For example, Intel in 2019 alleged that Fortress Investment Group acquired a “massive … portfolio of patents” for the purpose of seeking “supracompetitive royalties” unrelated to the value (if any) of the controlled patents through aggressive patent litigation. [15] The district court described Intel’s antitrust allegations as “compelling,” saying “[i]t is not hard to imagine that a person or entity could accrue market power by obtaining a dominant share of substitute patents and threaten a barrage approach to litigation, allowing legally unjustified leverage over licensees.” [16] Ultimately, however, the court dismissed Intel’s complaint because it failed to provide specific details about, for example, whether Fortress’s patents were “key” in the relevant market and whether there were any available substitute patents. Intel also failed to show that Fortress actually engaged in “serial” litigation. [17]

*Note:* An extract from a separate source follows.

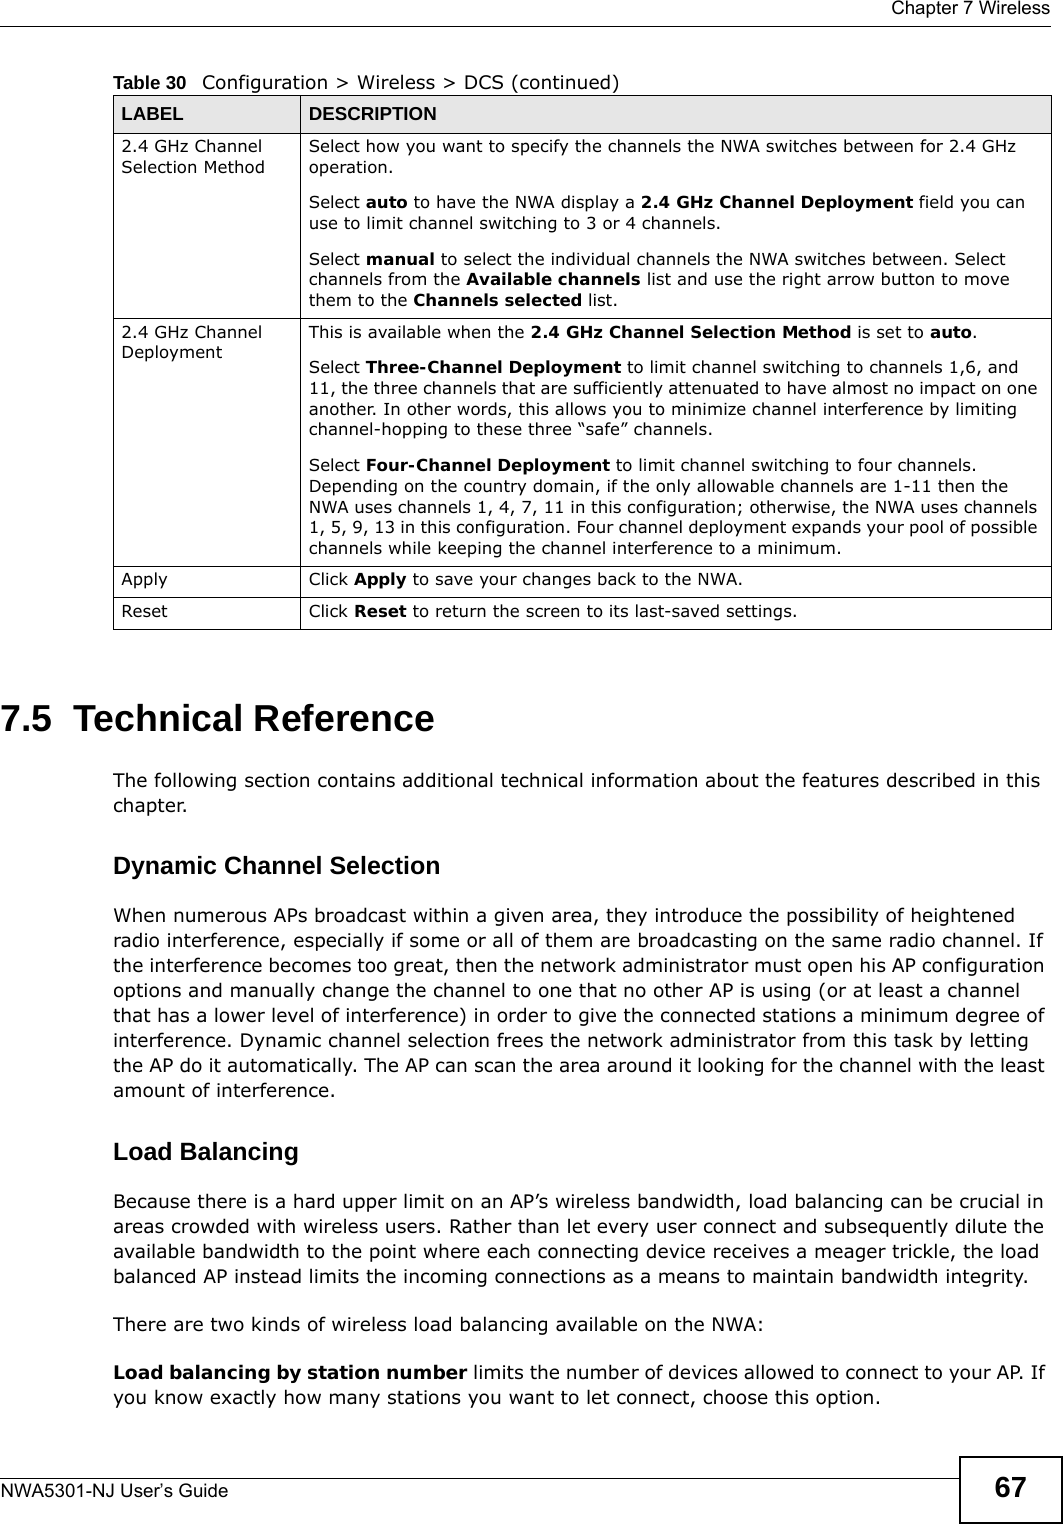  Chapter 7 WirelessNWA5301-NJ User’s Guide 677.5  Technical ReferenceThe following section contains additional technical information about the features described in this chapter.Dynamic Channel SelectionWhen numerous APs broadcast within a given area, they introduce the possibility of heightened radio interference, especially if some or all of them are broadcasting on the same radio channel. If the interference becomes too great, then the network administrator must open his AP configuration options and manually change the channel to one that no other AP is using (or at least a channel that has a lower level of interference) in order to give the connected stations a minimum degree of interference. Dynamic channel selection frees the network administrator from this task by letting the AP do it automatically. The AP can scan the area around it looking for the channel with the least amount of interference.Load BalancingBecause there is a hard upper limit on an AP’s wireless bandwidth, load balancing can be crucial in areas crowded with wireless users. Rather than let every user connect and subsequently dilute the available bandwidth to the point where each connecting device receives a meager trickle, the load balanced AP instead limits the incoming connections as a means to maintain bandwidth integrity.There are two kinds of wireless load balancing available on the NWA: Load balancing by station number limits the number of devices allowed to connect to your AP. If you know exactly how many stations you want to let connect, choose this option.2.4 GHz Channel Selection MethodSelect how you want to specify the channels the NWA switches between for 2.4 GHz operation.Select auto to have the NWA display a 2.4 GHz Channel Deployment field you can use to limit channel switching to 3 or 4 channels.Select manual to select the individual channels the NWA switches between. Select channels from the Available channels list and use the right arrow button to move them to the Channels selected list. 2.4 GHz Channel DeploymentThis is available when the 2.4 GHz Channel Selection Method is set to auto.Select Three-Channel Deployment to limit channel switching to channels 1,6, and 11, the three channels that are sufficiently attenuated to have almost no impact on one another. In other words, this allows you to minimize channel interference by limiting channel-hopping to these three “safe” channels.Select Four-Channel Deployment to limit channel switching to four channels. Depending on the country domain, if the only allowable channels are 1-11 then the NWA uses channels 1, 4, 7, 11 in this configuration; otherwise, the NWA uses channels 1, 5, 9, 13 in this configuration. Four channel deployment expands your pool of possible channels while keeping the channel interference to a minimum.Apply Click Apply to save your changes back to the NWA.Reset Click Reset to return the screen to its last-saved settings. Table 30   Configuration &gt; Wireless &gt; DCS (continued)LABEL  DESCRIPTION

To limit the risk that one’s accumulated portfolio could be considered a “patent thicket,” a portfolio manager should document efforts showing that the portfolio is being maintained to support identifiable products, platforms, or technical roadmaps, not to create licensing drag. If a portfolio grows large, internal materials should reflect how groups of assets map to actual product lines or R&D programs, and license terms should continue to track recognizable commercial benchmarks to avoid being framed as a mechanism for volume-based exclusion.
2. Evergreening/Product Hopping
“Evergreening” refers to the practice of obtaining new patents for secondary features of a product to extend its exclusivity after the original patent expires, while “product hopping” involves a company switching customers to a new, reformulated version of the product with a later patent, sometimes stopping production of the older product altogether. Similar to patent thicketing, evergreening and product hopping can trigger antitrust concerns when the primary purpose appears to be deterring potential competitors entering the market, rather than providing a genuinely superior or meaningfully differentiated alternative to customers. [18] For example, in 2019, the FTC filed a lawsuit and proposed settlement against drug manufacturers for “coerc[ing]” patients to switch from a tablet version of a branded drug to a recently introduced “film” version through actions including allegedly false safety improvement claims and “significantly increasing” the price of the tablets. [19] Under the settlement, the manufacturers committed to (1) paying approximately $50 million in equitable monetary relief; [20] (2) supplying the FTC with reasons for launching a revised version of an existing product; and (3) preserving the availability of the original product for a set period when generic manufacturers apply for approval of competing versions of the branded drug. [21]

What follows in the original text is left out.